The matrix code of the game falls away even more though on the final world where plants, animals and water are added to the surroundings. Leaping between these worlds (which we should emphasise are scaled like real planets and would take ages to traverse on foot alone) we’re almost seeing a slowed-down version of how each world in No Man’s Sky is formed in a matter of milliseconds as you approach the surface. The game reaches into its grab-bag of elements, puts them through its algorithms and a world is formed before your eyes. Once formed, it’s seeded and saved for all who might return.
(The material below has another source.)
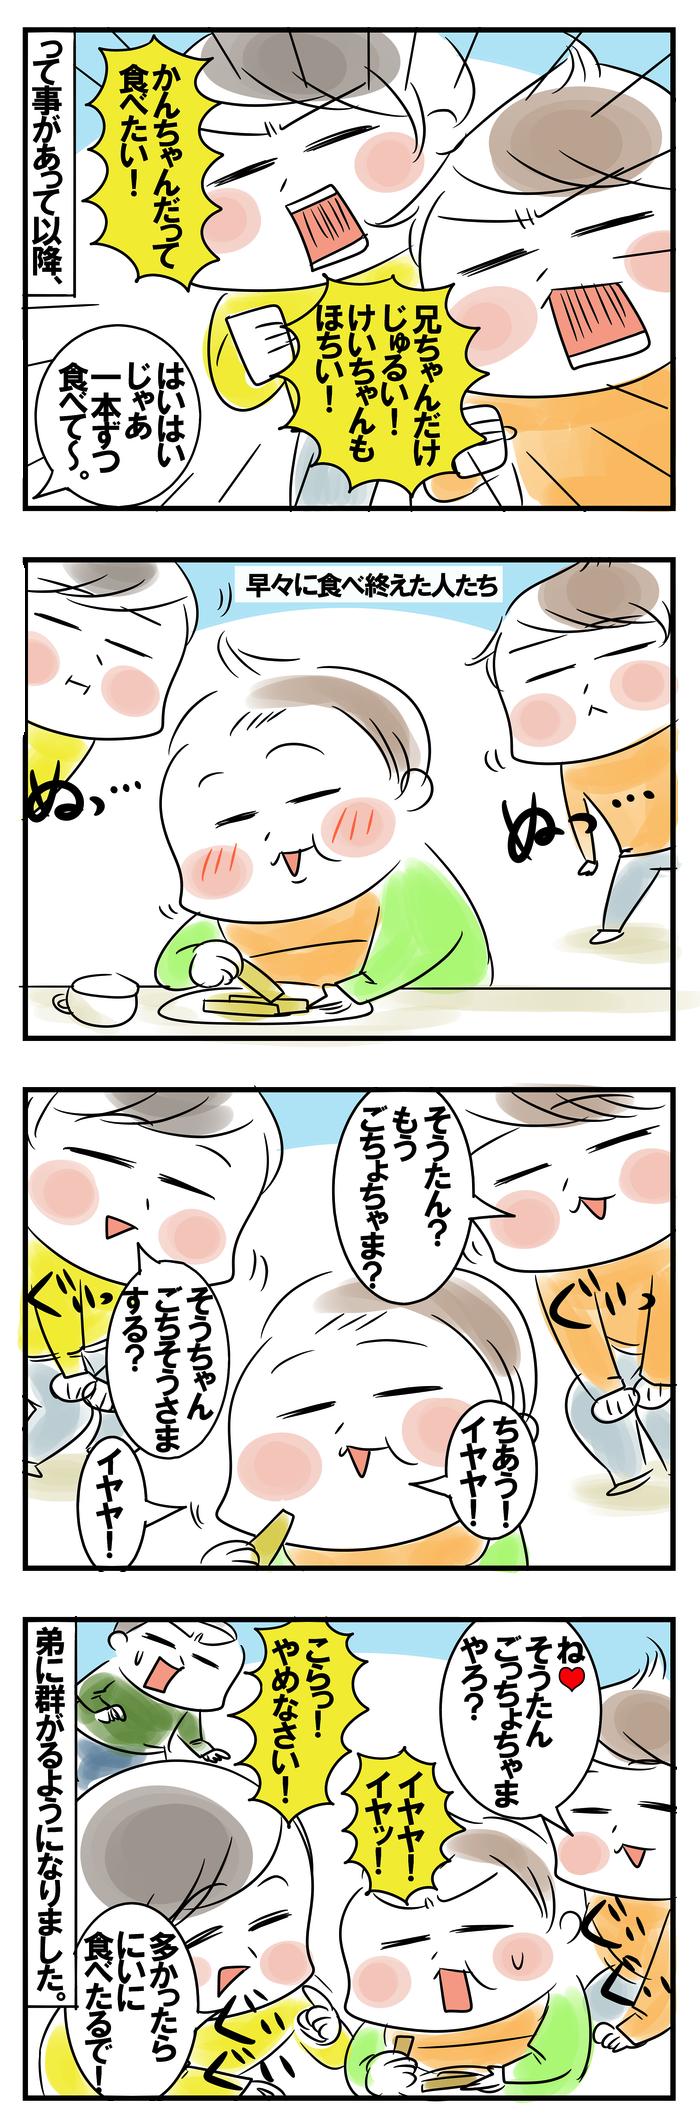 なんでなん(笑)腹ぺこ兄弟が、いつも食べ物を欲する謎。の画像2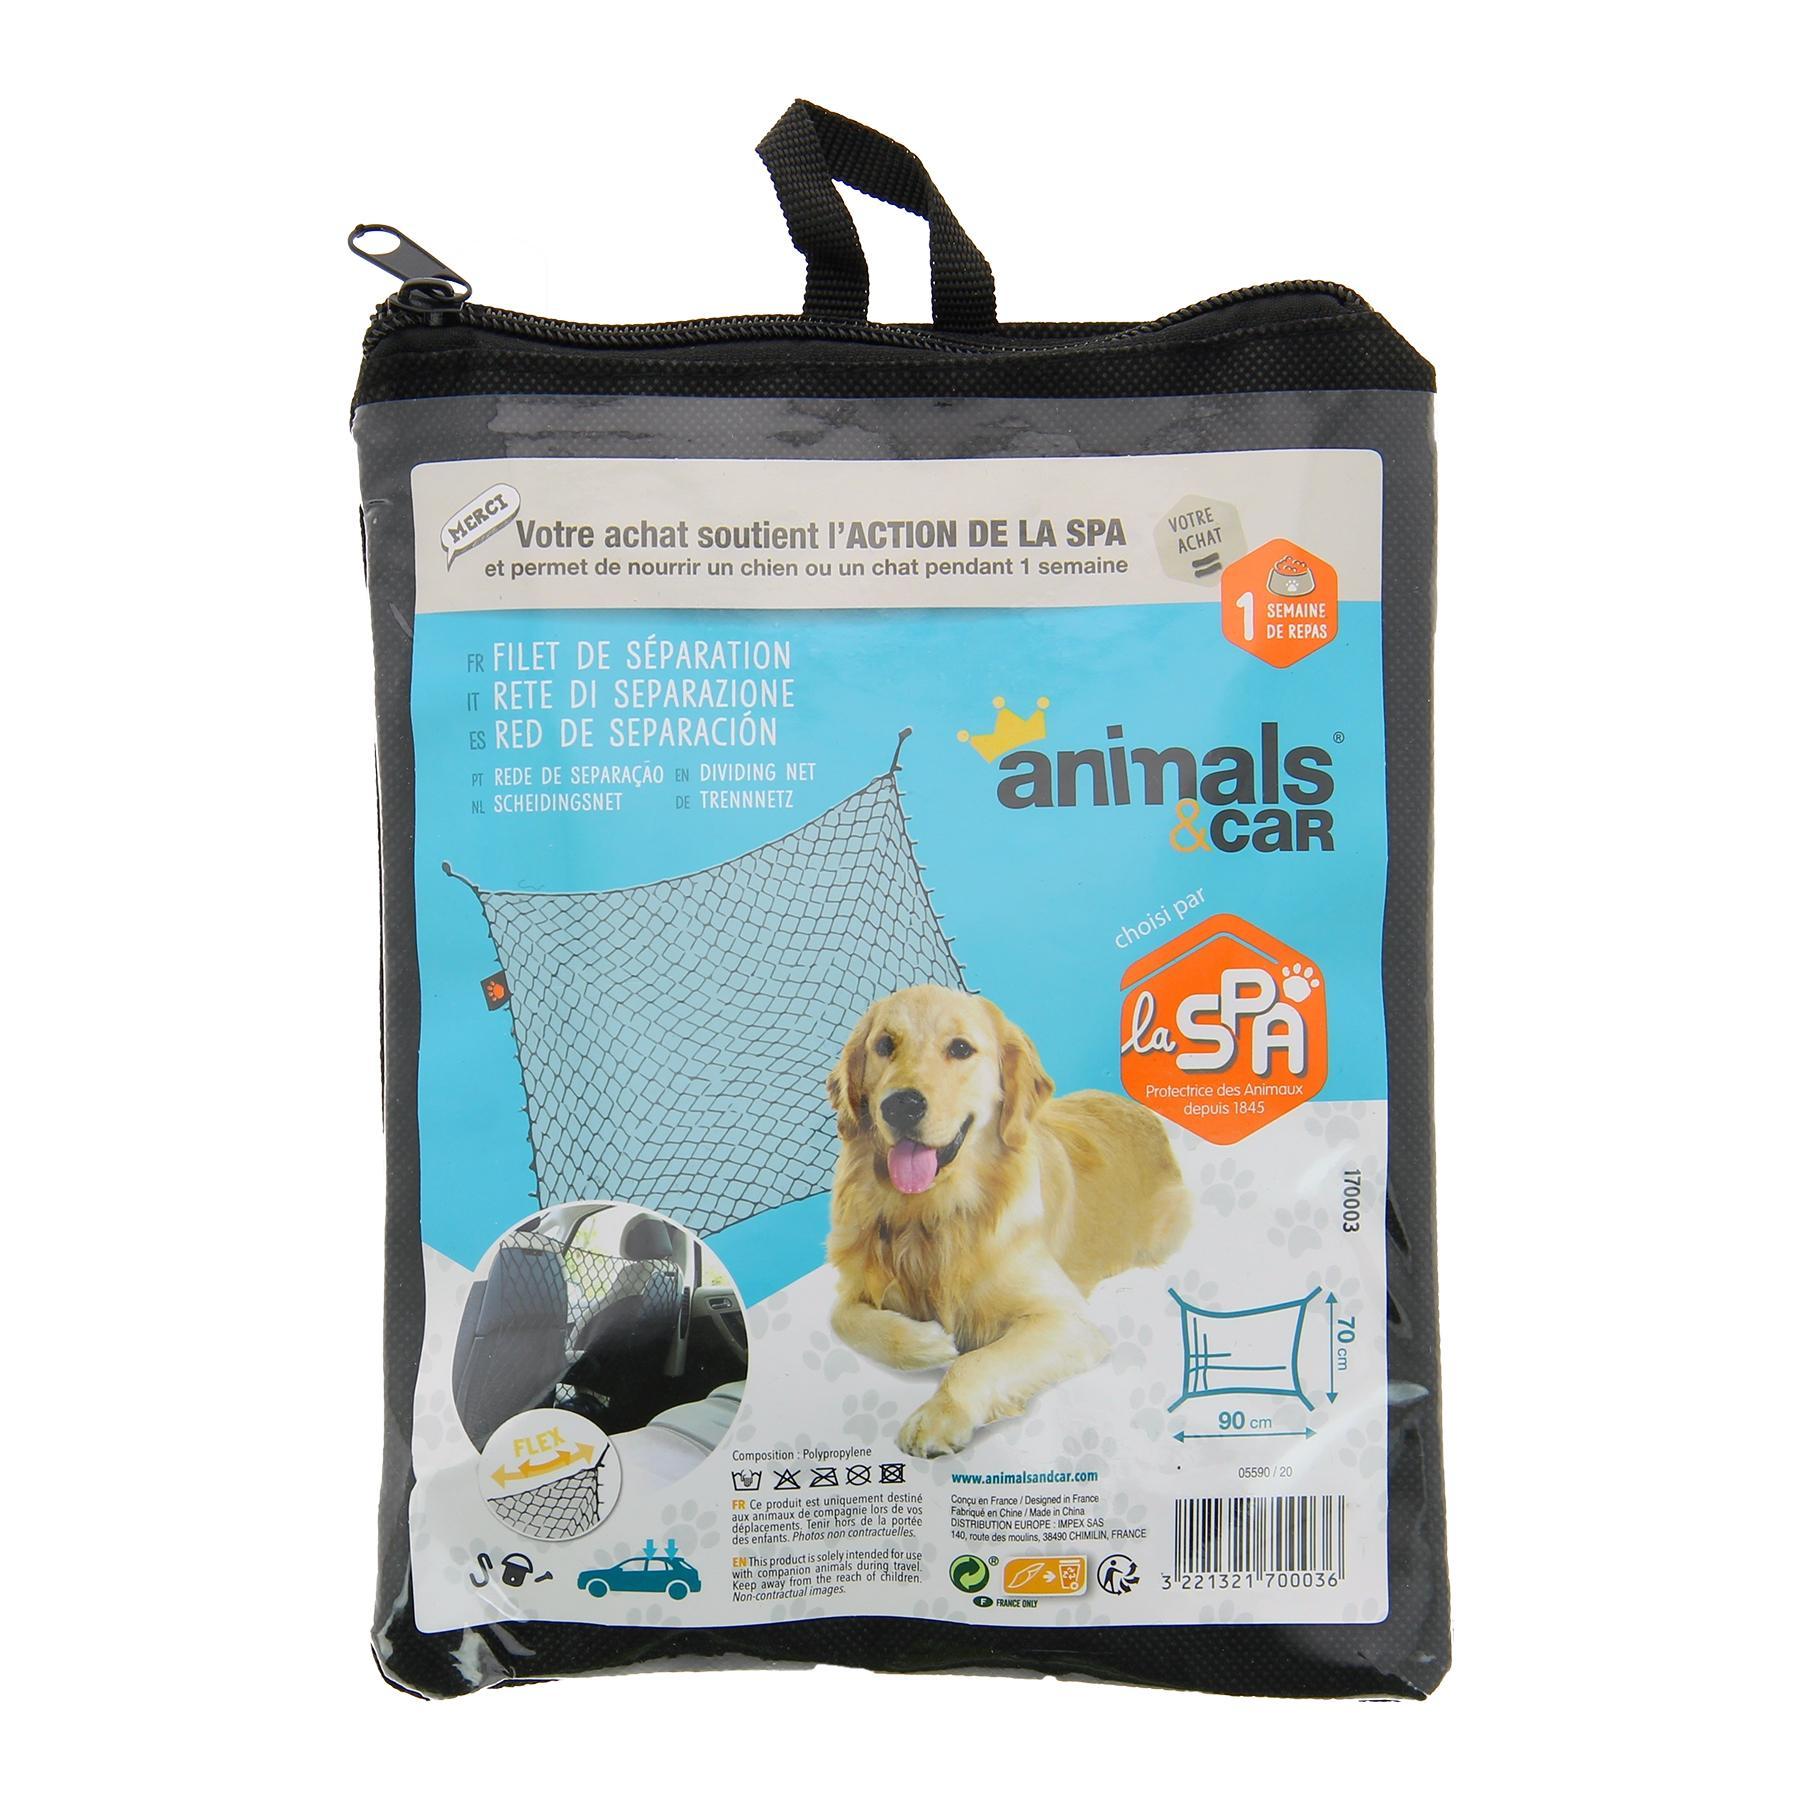 Filet de coffre pour chien animals&car 170003 connaissances d'experts

Even the major changes you might make to the surface of the world (you can use Land Disrupter grenades to mine the planet’s surface with the right upgrades) will remain.

And everything else is built this way too, from the plants to the animals. It’s been an adjustment for the rest of the design team according to Duncan. “Early on in the project, I definitely didn’t like the procedural aspect because I’m so used to having control over everything,” he admits. “I’ve had complete control; I know exactly how it’s going to look. And you just don’t have that with procedural things. It’s like a balance between adding rules to procedural systems to try and influence the results, but if you do that too much you end up taking away what makes procedural useful. You take the magic away because you’re trying to control it too much. That’s been a big learning curve for me, the need to relax a little bit and accept that sometimes you’re going to get results that aren’t exactly how you would have done it.”

“I do it a great disservice when people ask how it’s possible and I say ‘procedural generation’, but I say it as if it’s magic,” adds Murray, waving his hand as he repeats the words, ‘Procedural generation’. “Someone asked yesterday, ‘then presumably it’s all made for you, so do you have anything to do?’. Yes, we’re trying to make three different games. One where you’re on a planet and it’s a survival game and one where you’re in space with combat and another where it’s about joining the two up, fighting over planets and trading between them and all that sort of thing. Apart from just the content, which is procedurally-generated, it’s a huge game.”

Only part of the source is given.